Вотан не относился к людям, боящимся жизни. Он неодобрительно обвёл взглядом колонны и море у подножья холма. Что за море без штормов? Даже в грязной луже случаются волнения. Вотан был чужим и грязным здесь. Он прислонялся спиной к белоснежной колонне, но она не изменяла своей девственной белизны. Жизнь застыла здесь, причина не вела к следствию, да и причин никаких не было.
«Это наш мир выдумка злого бога, наказание для желанной богини?» – с досадой думал Вотан. «Наш выдуманный мир куда более живой, чем этот, подлинный. Как знать, может это он наказание для тех, кто не выносит унылого вечного покоя».
– Фенрир убил себя, – без жалости сказал Вотан. Если в ней есть что-то от его любимой, он увидит это, а если нет, то и нечего больше смотреть на красивое равнодушное лицо.
Вечно юная богиня разомкнула губы:
– Он – она говорила о боге войны – глупый юнец. Он не должен был создавать для моего наказания людей, которые способны испытывать собственную боль.
Её ресницы двигались быстрее, чем прежде. Прогоняла слёзы? Вотан смотрел на неё во все глаза. Где ты, любимая, покажись.
– То, – заговорил он словно в сомнениях, – что мы выдуманы, не помешает мне сберечь жизни сыновей и волчат?

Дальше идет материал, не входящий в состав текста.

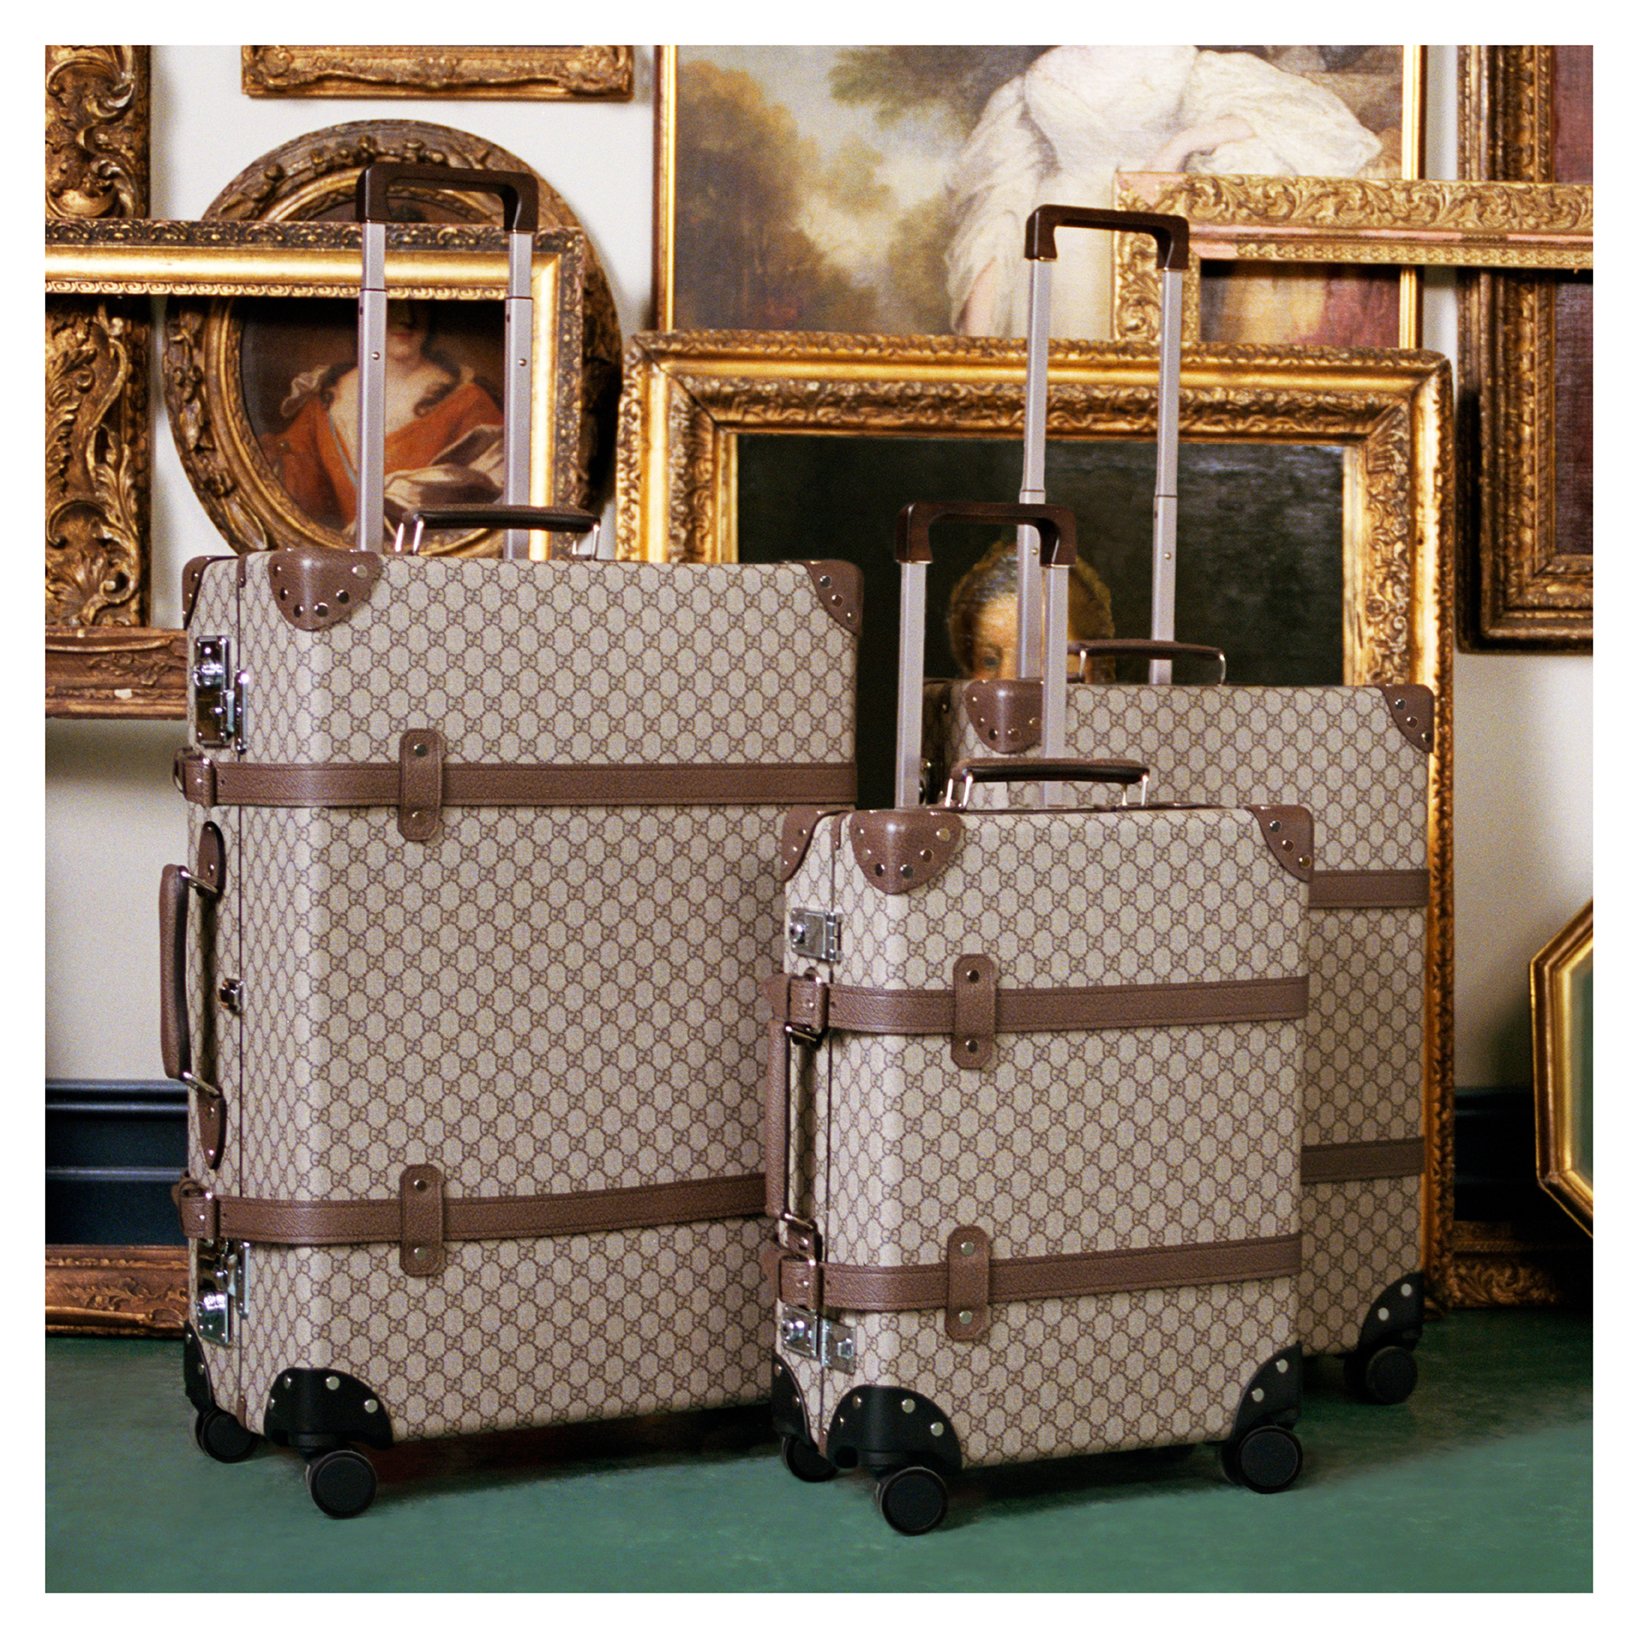 Gucci Luggage Sets Vintage Luggage
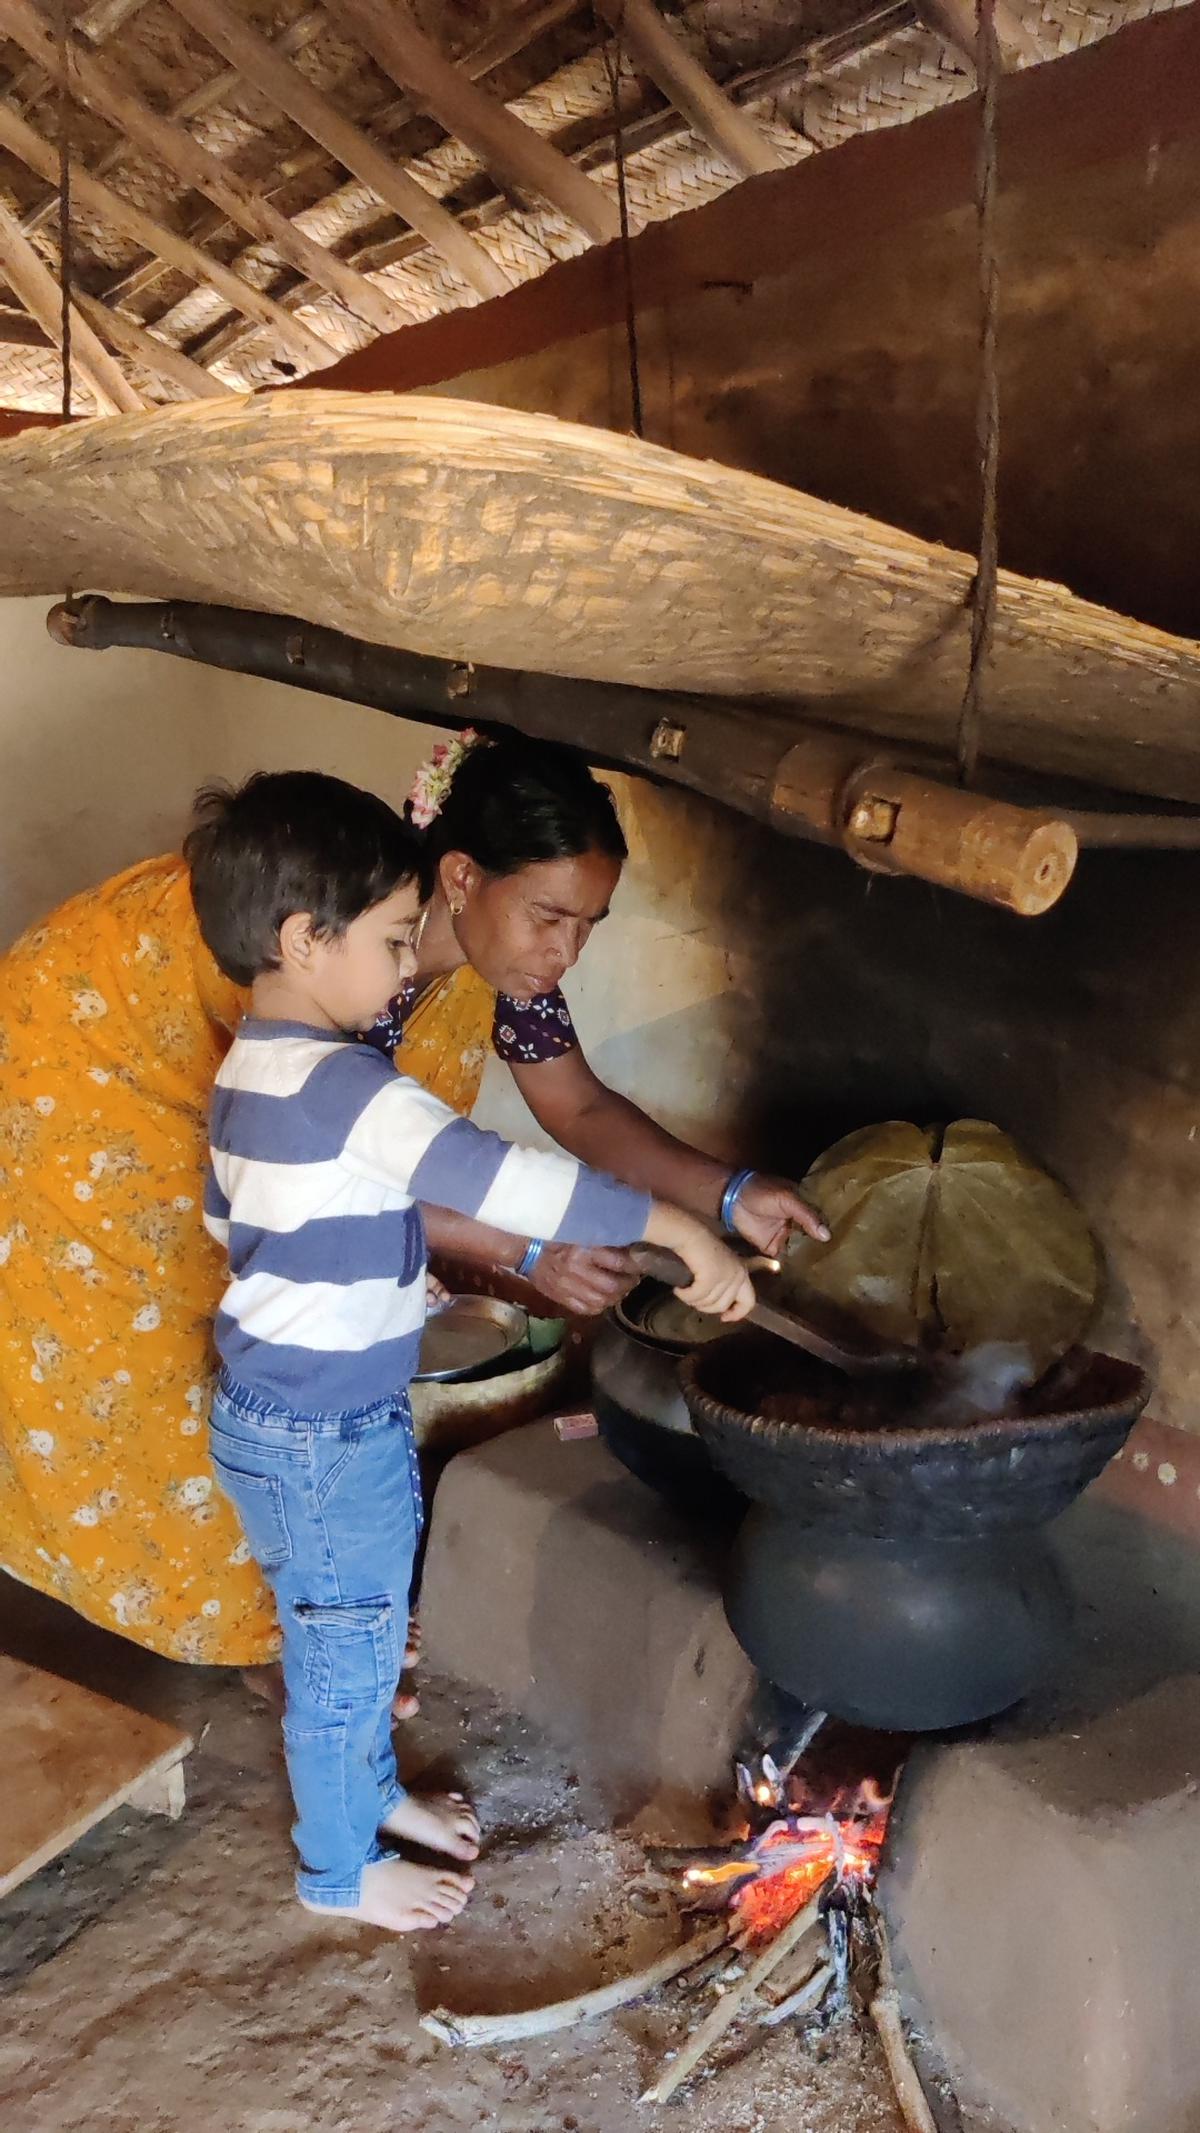 An adivasi woman helps a boy to cook in traditional style at Giri Grama Darshini at Pedalabudu near Araku, 130 kilometres from Visakhapatnam.

Ресницы трепетали, как крошечные крылья колибри, в окружающем покое не было ничего более стремительного, с чем можно было сравнить их мельтешение.
– Не делай этого со мной, – с трудом сказала она, опустив лицо и выставив перед собой руку, словно ей стало тяжело сидеть. Это была не просьба, а приказ. Прежде она была куда мягче. – Ты не имеешь права. Не смей делать этого со мной.
Раньше она бы не догадалась, что он специально тревожит её.
Она выдохнула с тихим свистом и продолжила прерывисто говорить низким хрипловатым голосом:
– … дёргают из стороны в сторону, требуют постоянно, не затыкаясь ни на секунду, всего хотят достичь без усилий, не ударив палец о палец, клянут и оскорбляют, стоит на секунду отвернуться, просто взглянуть на другого, не понимают, что удача не может принадлежать одному, жадничают, упиваются своим эгоизмом… не понимают, что взамен своему везению, нужно давать лишь немного покоя, благословенного покоя…
Она простонала незнакомым голосом и завалилась вперёд, грудью на холодный пол, и замерла там.
– Я не хочу принадлежать этому юнцу, Вотан, – плачущим голосом проговорила она с пола. – Он даже не понимает, что удача появилась раньше войны. Я не хочу нянчиться с ним, не хочу благоволить его ремеслу… на войне за подол удачи цепляется смерть… я не хочу таскать её за собой… опять…
Вотан посмотрел на безмятежное море. Возможно однажды, отвечая её желаниям, оно разродится богом, дарующим покой. У него будут глаза цвета лазури. Он поднимется по холму к той, что ждала его вечность. Она будет знать, что он пришёл не за наживой, как другие, не ради лёгкой жизни, потому что покой самодостаточен. Он отдаст ей себя. Её по-прежнему будут дёргать, это неизбежно, но она не будет страдать, как прежде…
– …как этот сопляк посмел наказывать меня?
– Правильно, – поддержал Вотан. – Отвернись от него навечно.
Она приподнялась с пола.
– И в войне больше никому не будет везти?
– А пускай и не начинают, – уверенно кивнул Вотан.
Она задумалась.
– Они не сразу поймут…
– Лучше поздно, чем никогда, – заметил Вотан.
Лучше поздно, чем никогда. Море неторопливо накатывало на берег. Слишком мягкое, слишком красивое, чтобы принадлежать жизни. Жизнь, она не такая. Жизнь беспокойная. Моря должны быть беспокойными, им как зеркалам положено достоверно отражать жизнь. Красивое тёплое море у подножия высокого зелёного холма отражало безмятежное голубое небо.